The mathematical approaches based on the minimization of Bayes risk are effective to classify an unknown outcome into one of several possible categories with respect to the smallest misclassification rate. It is a widely used technique which has been applied in various areas. However it is rarely mentioned in the past studies of forecasting the safety status of transportation facilities, which largely rely on the regression framework. Because of the nature of regression that the explanatory variables are given without the consideration of their stochastic behaviors, the multicollinearity among factors is less considered. The occurrence of accident is the result of complicate processes controlled by many influence factors including the road geometric design, traffic flow characteristics, and characteristics of drivers.

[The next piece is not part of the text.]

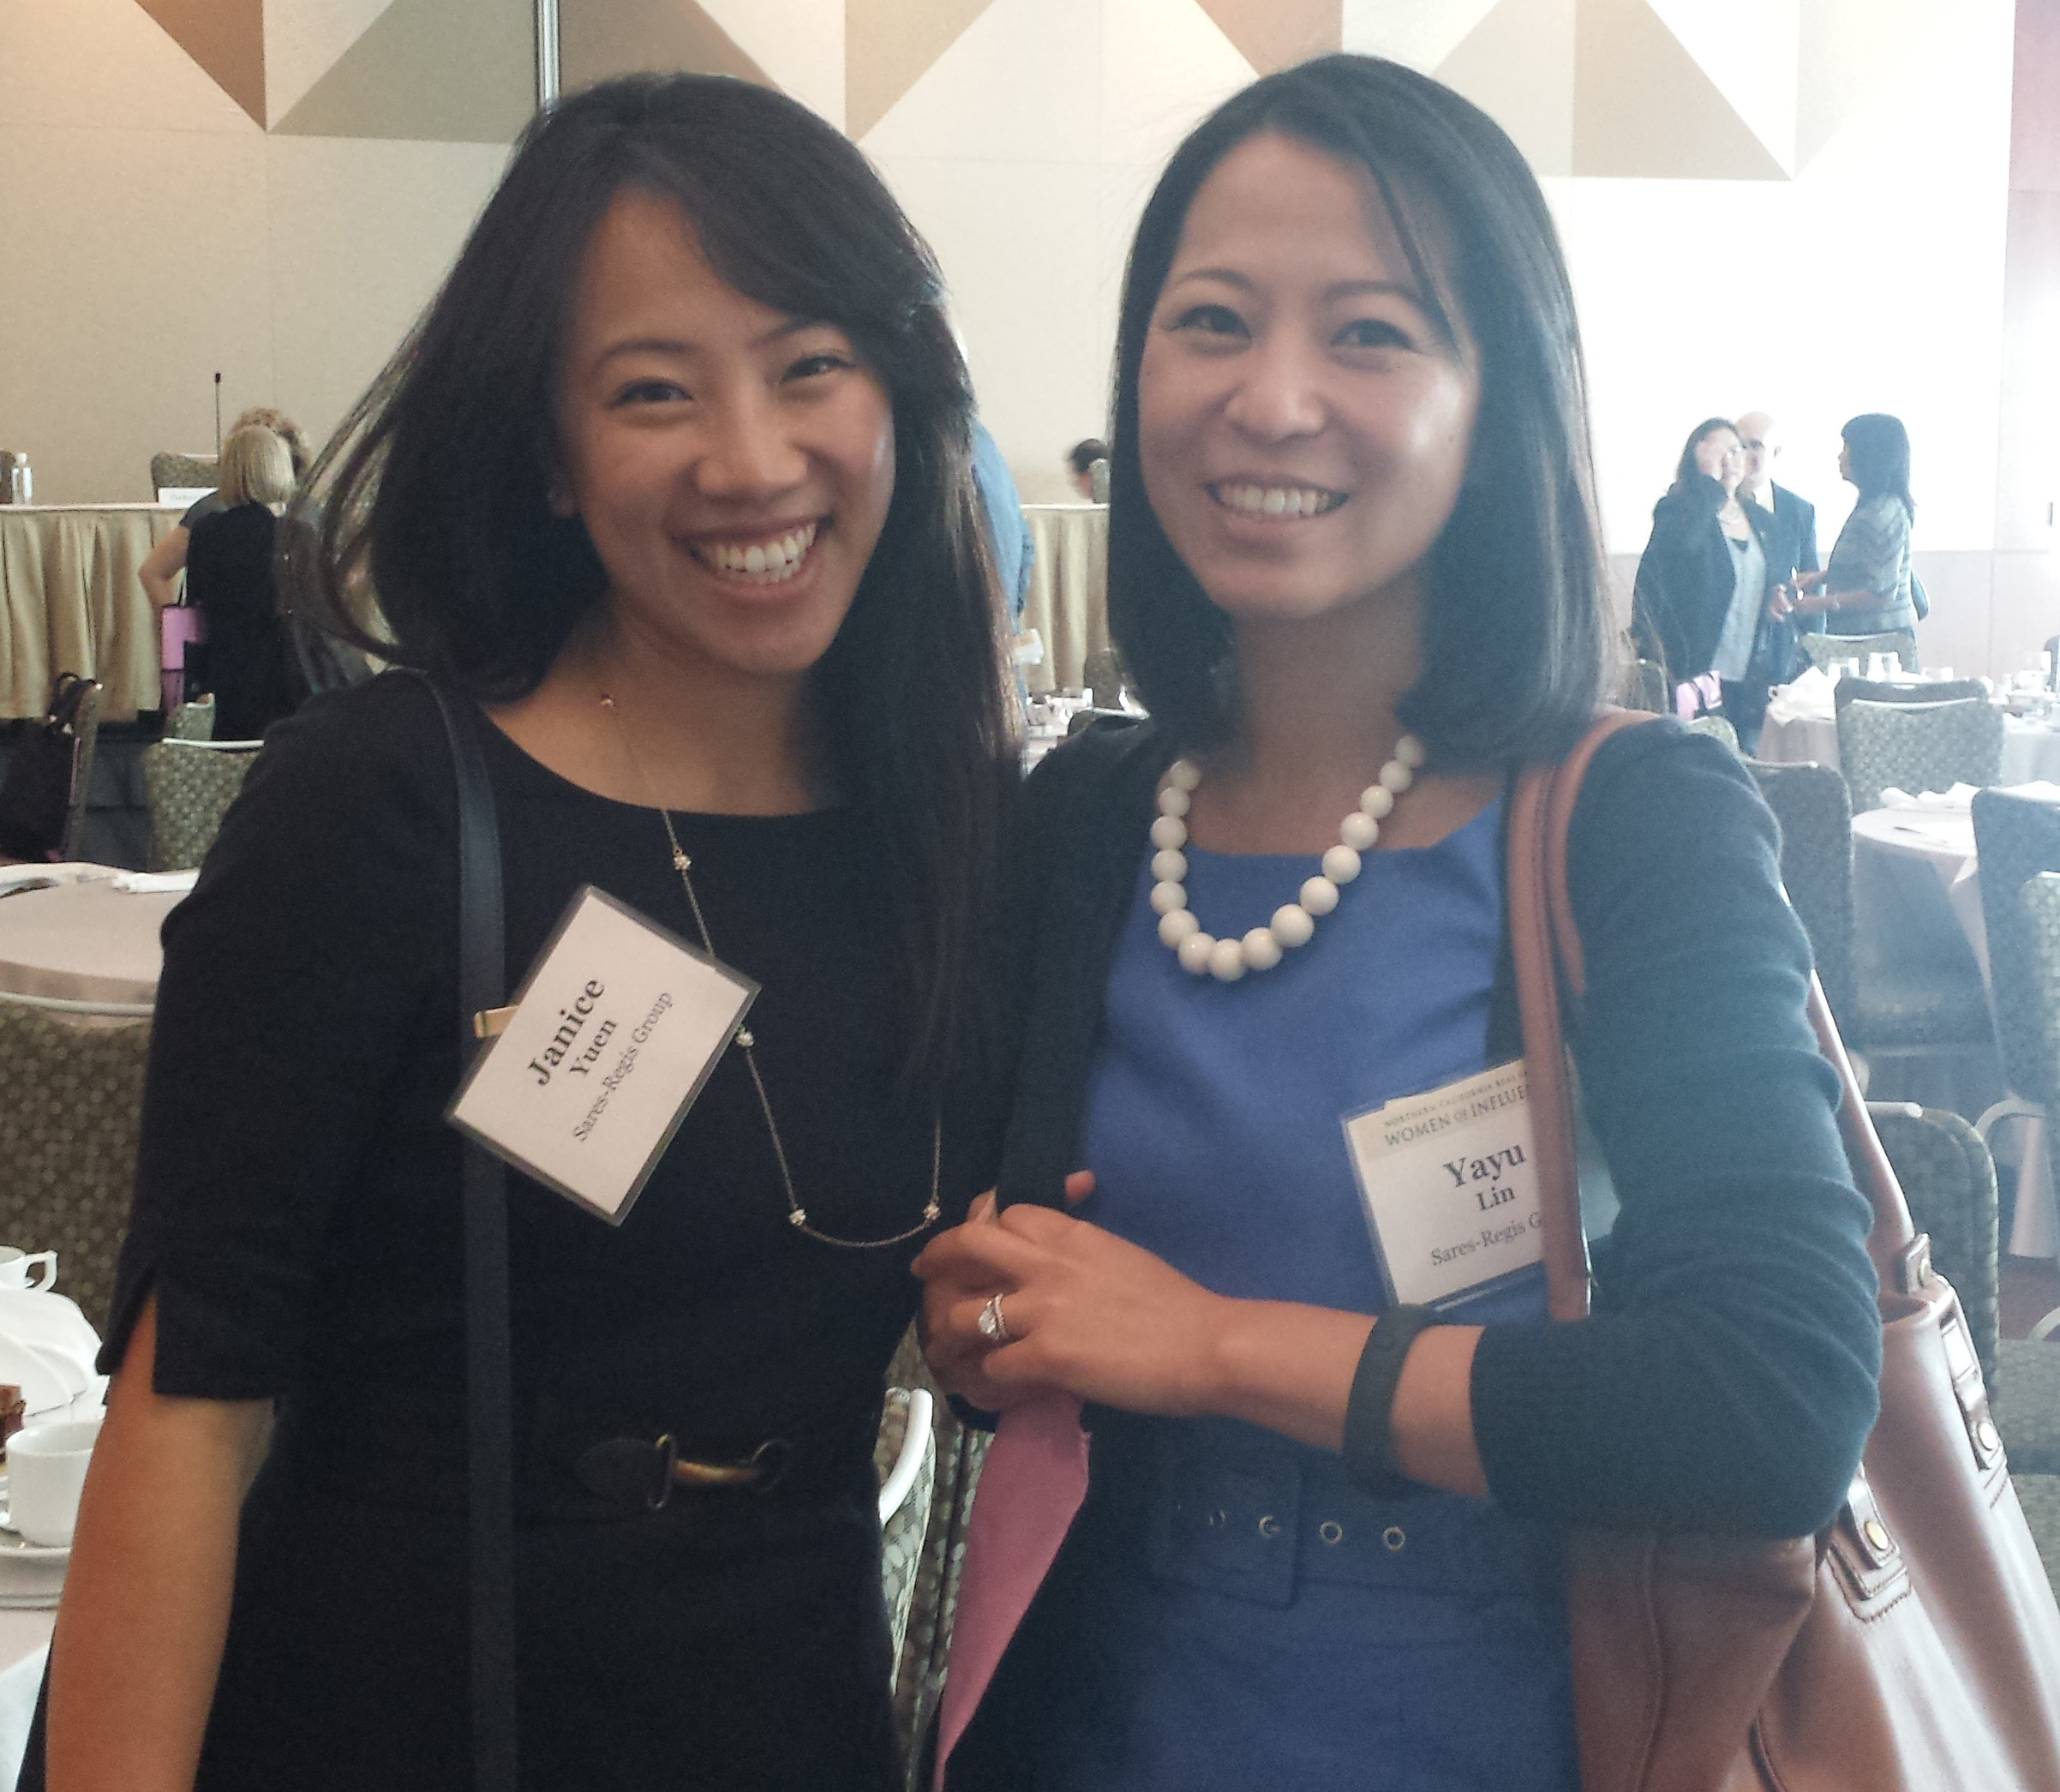 image of Janice Yuen and Yayu Lin.
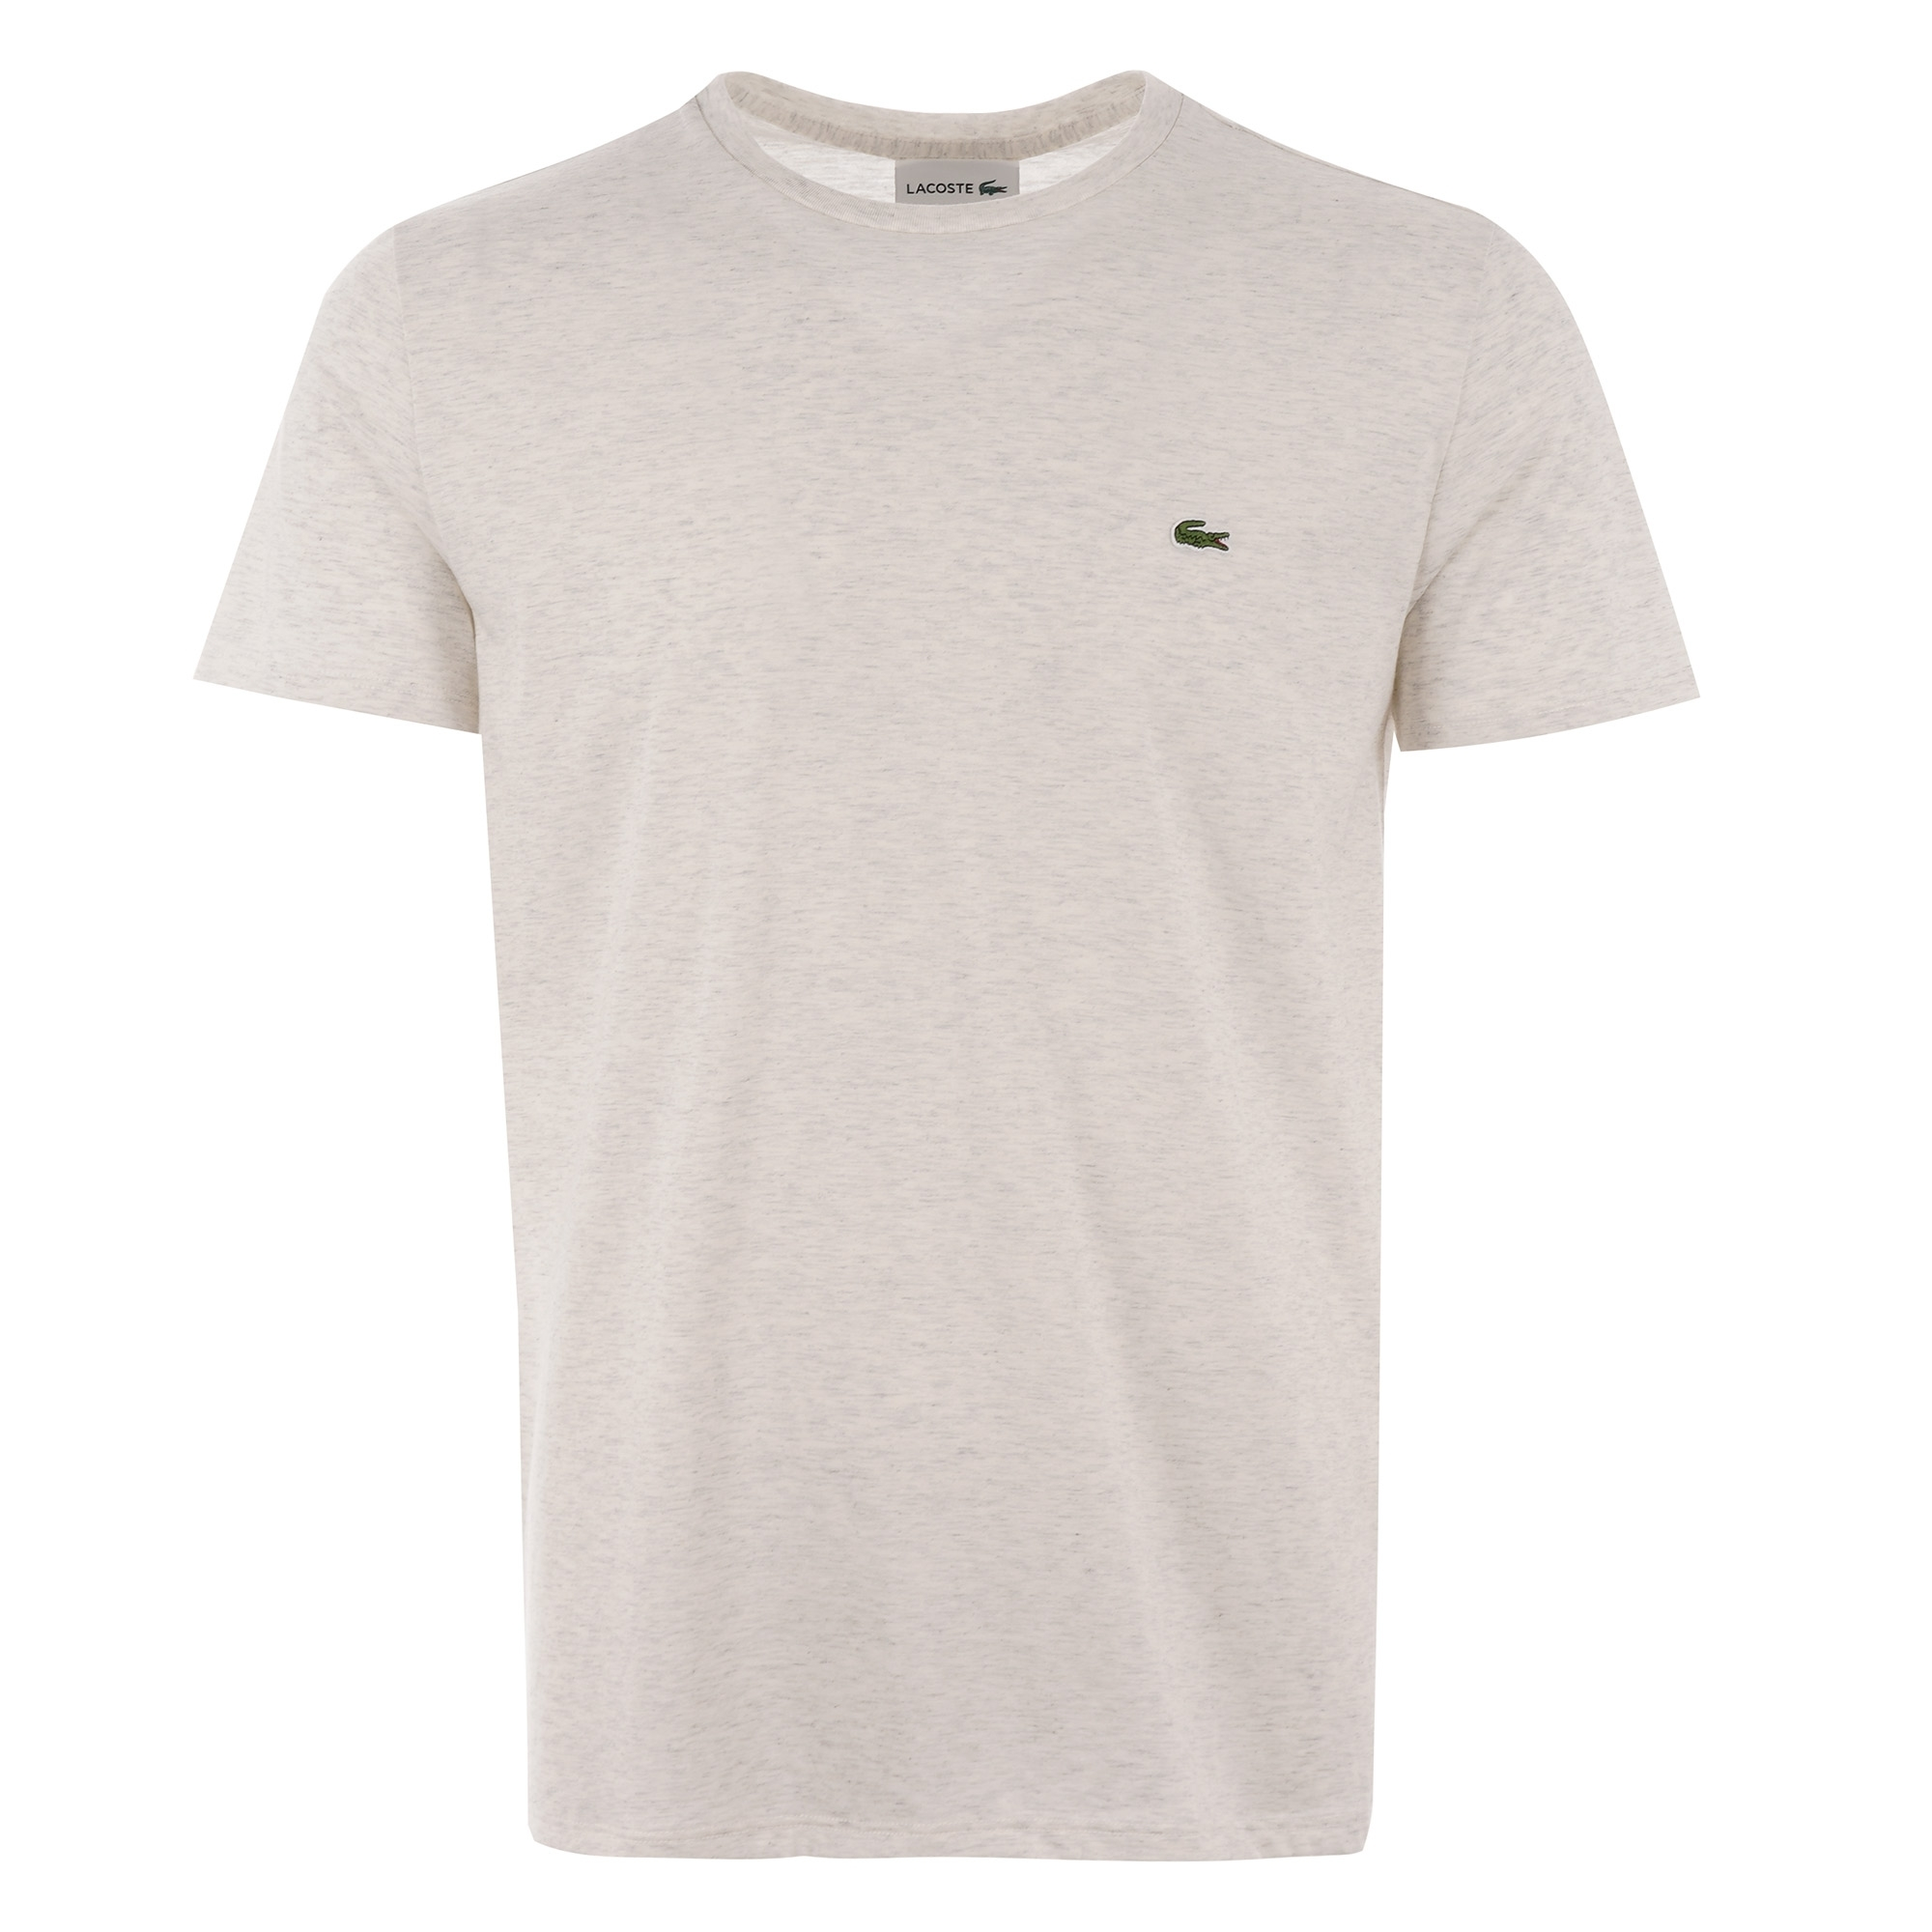 Lacoste Pima Cotton Jersey T-Shirt

In fact, these factors are highly correlated in nature. Therefore it is necessary and secure to assume that multicollinearity of factors exists in analyses. Under this circumstance, this study seeks to introduce a discriminant analysis framework as a tool to classify transportation facilities in categories defined by different level of safety. Instead of maximizing the conditional likelihood of responses, the introduced method in fact attempts to minimize the Bayes risks for the classification problem. Under such specification, the current study illustrates numerical examples on a simulated dataset as well as an empirical observed dataset. It finally shows that this approach also constructs a flexible framework for conducting the analysis on prediction of traffic safety status in the field of transportation engineering. In addition, as a preliminary research into this field, next section will suggest several directions for future studies.

First, it is necessary to analyze different loss functions in terms of nonuniform loss weight to different types of errors with the consideration of the tradeoff between the additional accident loss introduced by misclassifying an unsafe road into a safe road and the cost for improving an originally safe road but misclassified into the unsafe category. Second, an inhomogeneous variance-covariance matrix may exist among different group of populations with different status of safety and hence future studies may take this into account. And, with more flexible parameters and looser assumptions, the partition may provide more realistic and accurate classification boundaries. Third, it is true that the actual distribution of factors might be reflected better by other types of multivariate formulation. Inspection on any other multivariate distributions even nonparametric specifications is necessary for future studies. Finally, it is interesting to compare the prediction results to the traditional regression analysis with simulated datasets or empirical observed datasets to further understand the statistical characteristics for transportation safety datasets.

#### Conflict of Interests

The authors declare that there is no conflict of interests regarding the publication of this paper.

#### Acknowledgments

This research was supported by the National Natural Science Foundation of China (nos. 51208032 and 71210001) and Fundamental Research Funds for the Central Universities (no. 2013JBM008).